コバヤシクエストLv4〜ネットワーク編③ LAN内のデータ通信とWAN〜

出典:Private Network vs Public Network: 5 Key Differenceshttps://www.digi.com/blog/post/private-network-vs-public-network

皆様こんにちは。
本日はネットワーク編の最終回としてアクセス制御を取り上げます。

突然ですが、皆様はネットワーク通信の実行処理をしながら、会社や自宅でメールなどのデータを送信したことはありますよね?
その際のLAN内の様子はどのようなものかご存知でしょうか。
特に会社のLANだと、回線内がすごく混雑してそうですよね。

本日は、データ通信中のLAN内の様子と、LANの対比としてWANについて見てまいります。

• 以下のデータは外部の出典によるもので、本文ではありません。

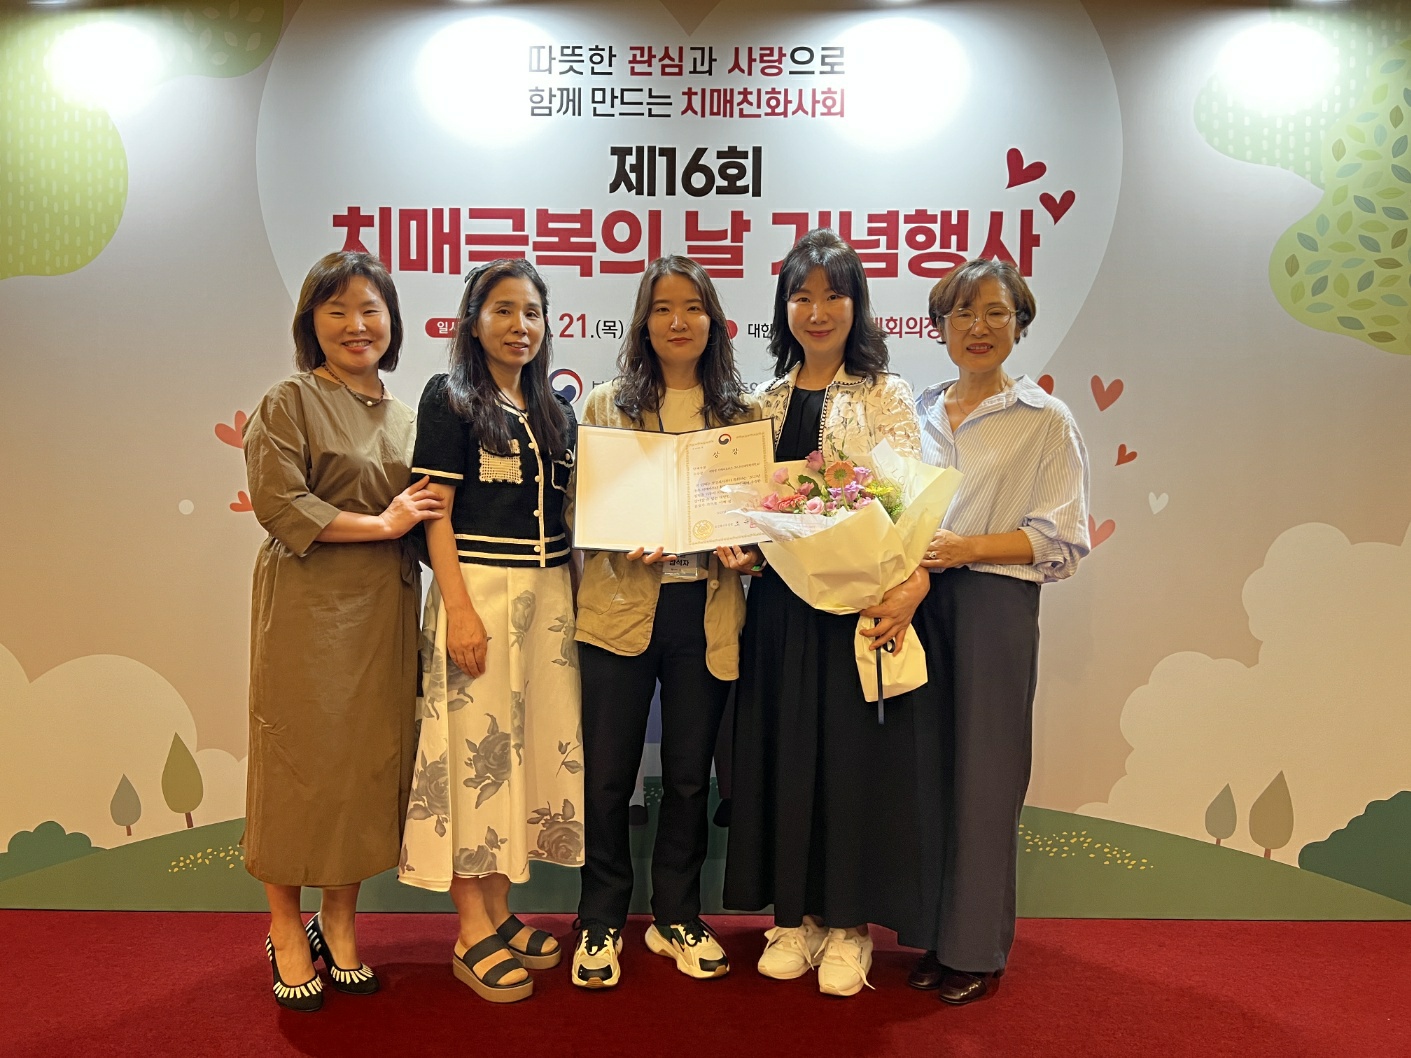 [정브레인노트]치매 파트너 활동 경진대회에서 보건복지부장관상 수상한 온석대학원대학교 학생들

LAN内のデータ通信 CSMA /CD CSMA /CA

CSMA /CDは、Carrier Sense Multiple Access with Collision Detectionといいます。長いわ 笑
CSMA/CDは、LAN内でデータを同時送信をする際に、データが衝突し消滅しないようにデータを検知をする仕組みです。
やむなく衝突してしまった際は再送を試みます。

Collision Detectionなので、衝突を検知するということですね。この方法は、LANのつなぎ方で取り上げたスター型やバス型で用いられていることに加えて、現在の有線LANで主に使われています。

CSMA /CA(Carrier Sense Multiple Access with Collision Avoidance)は、現在の無線LANで主に用いられます。
Collision Avoidanceなので衝突を回避するということです。
つまり、他のデータが通信されている際は、その通信が終了するのを待って空き次第通信を行います。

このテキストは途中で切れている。